Tiga mantan anggota Organisasi Papua Merdeka (OPM) Kodap III/Sinak secara resmi menyatakan ikrar setia kepada NKRI. Foto: Satgas Yonif 142/ Ksatria Jaya.
Publikbicara.com – Tiga mantan anggota Organisasi Papua Merdeka (OPM) Kodap III/Sinak secara resmi menyatakan ikrar setia kepada Negara Kesatuan Republik Indonesia (NKRI). Prosesi ikrar digelar di halaman Gudang Grosis, Distrik Agandugume, Kabupaten Puncak, Papua Tengah, Senin (19/1/2026).
Ketiga eks anggota OPM tersebut yakni Kataw Kulua, Lois Murib, dan Yaikinius Murib. Dalam pernyataan terbuka, mereka menegaskan meninggalkan paham separatisme serta kembali mengakui NKRI dan Pancasila sebagai dasar negara.
Prosesi ikrar berlangsung khidmat dan tertib. Kegiatan diawali dengan doa bersama, dilanjutkan pembacaan naskah ikrar, serta penandatanganan dokumen resmi sebagai bentuk komitmen.
Acara tersebut disaksikan aparat keamanan, pimpinan wilayah, tokoh masyarakat, serta tokoh agama Distrik Agandugume.
Dalam ikrar yang disampaikan, ketiganya juga menyatakan penolakan terhadap segala bentuk gerakan separatis dan menyatakan komitmen untuk mendukung terciptanya keamanan, ketertiban, serta pembangunan di wilayah Papua Tengah.

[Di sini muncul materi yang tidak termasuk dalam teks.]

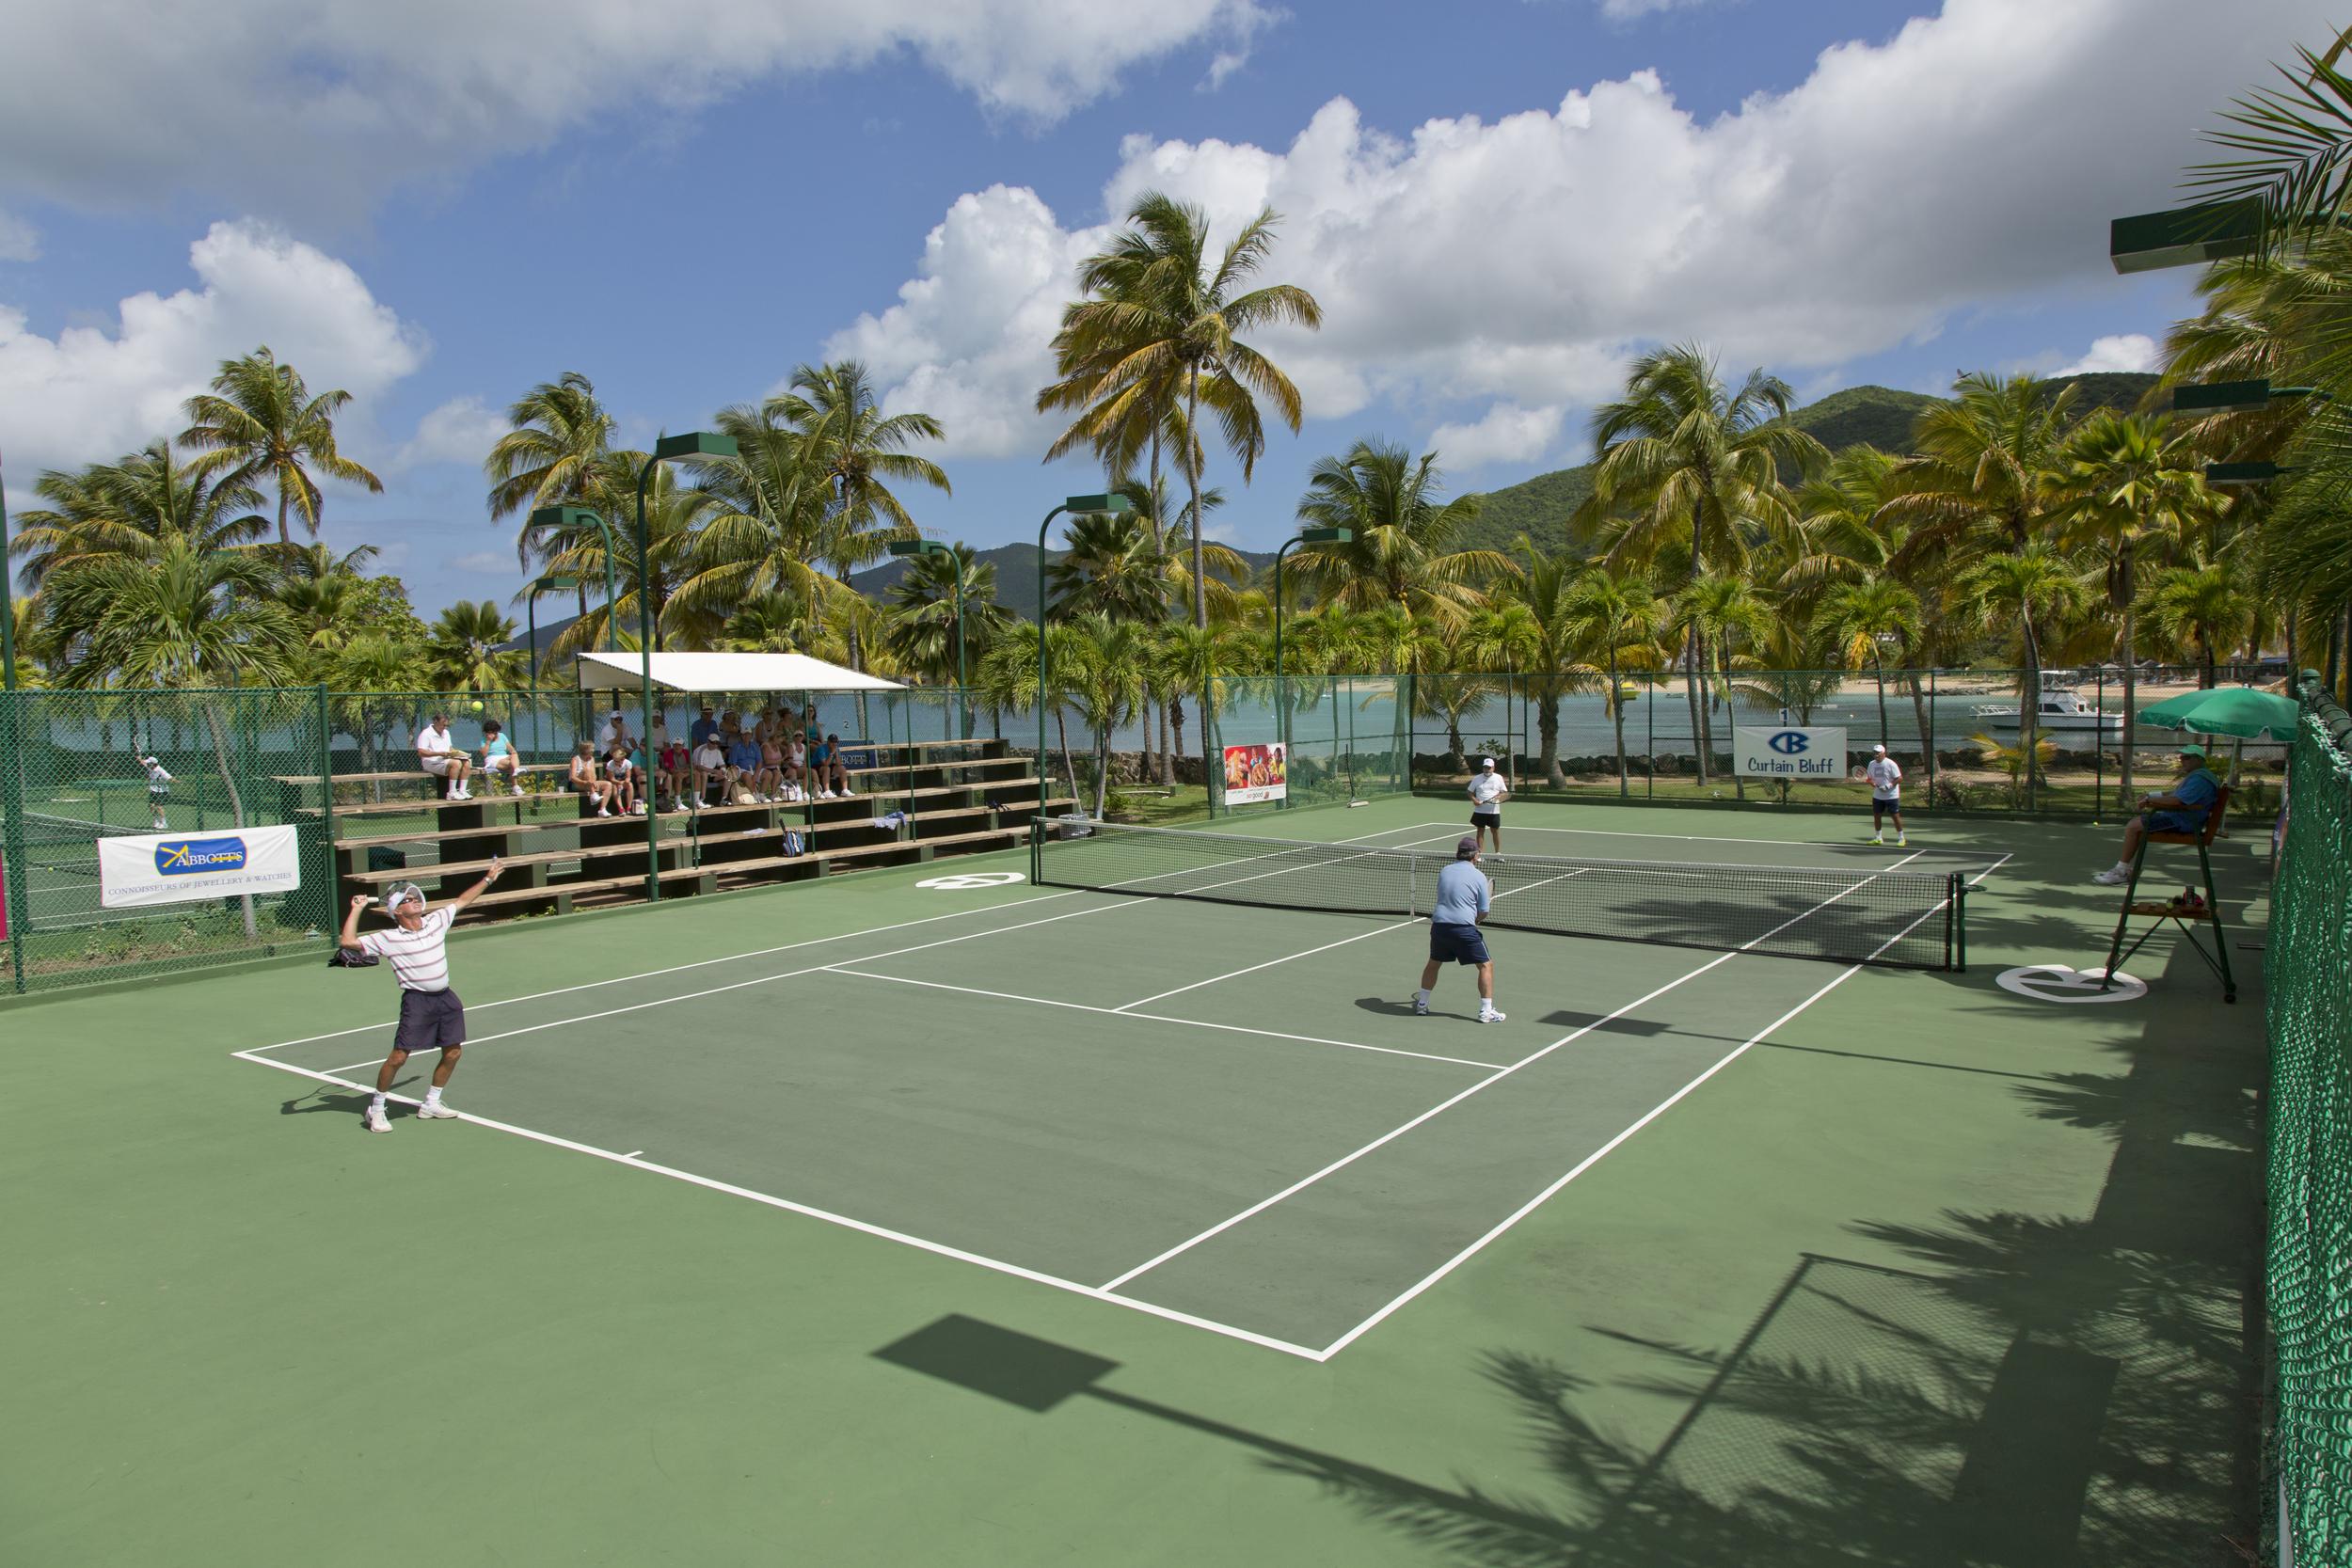 Tennis at Curtain Bluff

Langkah ketiga mantan kombatan tersebut dinilai sebagai hasil dari pendekatan humanis dan persuasif yang selama ini dijalankan oleh Satgas TNI HABEMA dalam menjaga stabilitas keamanan di wilayah pegunungan Papua.
Tokoh masyarakat Distrik Agandugume, Amos Murib, menyampaikan apresiasi atas ikrar setia tersebut. Ia berharap langkah ini dapat menjadi contoh bagi pihak lain yang masih berada di jalur separatisme.
“Kami berharap ikrar ini membuka jalan bagi saudara-saudara kita yang masih bertahan di luar untuk kembali dan bersama-sama membangun Papua yang aman, damai, dan sejahtera,” ujar Amos, dikutip dari laman resmi lintaspapua.com.
Ia menambahkan, kondisi keamanan yang kondusif sangat penting agar masyarakat dapat beraktivitas tanpa rasa takut maupun trauma akibat gangguan kelompok bersenjata.
Sementara itu, Kapten Inf Reggy Dankipur, Dankipur 1 Detasemen 5 Rajawali 2 Satgas TNI HABEMA, mengapresiasi keputusan para mantan kombatan yang kembali menyatakan kesetiaan kepada NKRI.
“Kami mengapresiasi ikrar setia yang dilakukan mantan kombatan OPM serta peran aktif masyarakat Distrik Agandugume dalam membantu menjaga keamanan wilayah,” ujarnya.
Pernyataan serupa disampaikan Kapten Inf Zandra, Danpos 142. Ia berharap ikrar tersebut menjadi momentum awal terciptanya keamanan yang berkelanjutan serta mendorong kemajuan pembangunan di Distrik Agandugume.
Acara ikrar ditutup dengan doa bersama yang dipimpin pendeta Distrik Agandugume sebagai simbol harapan akan perdamaian dan persatuan di Papua.(Red).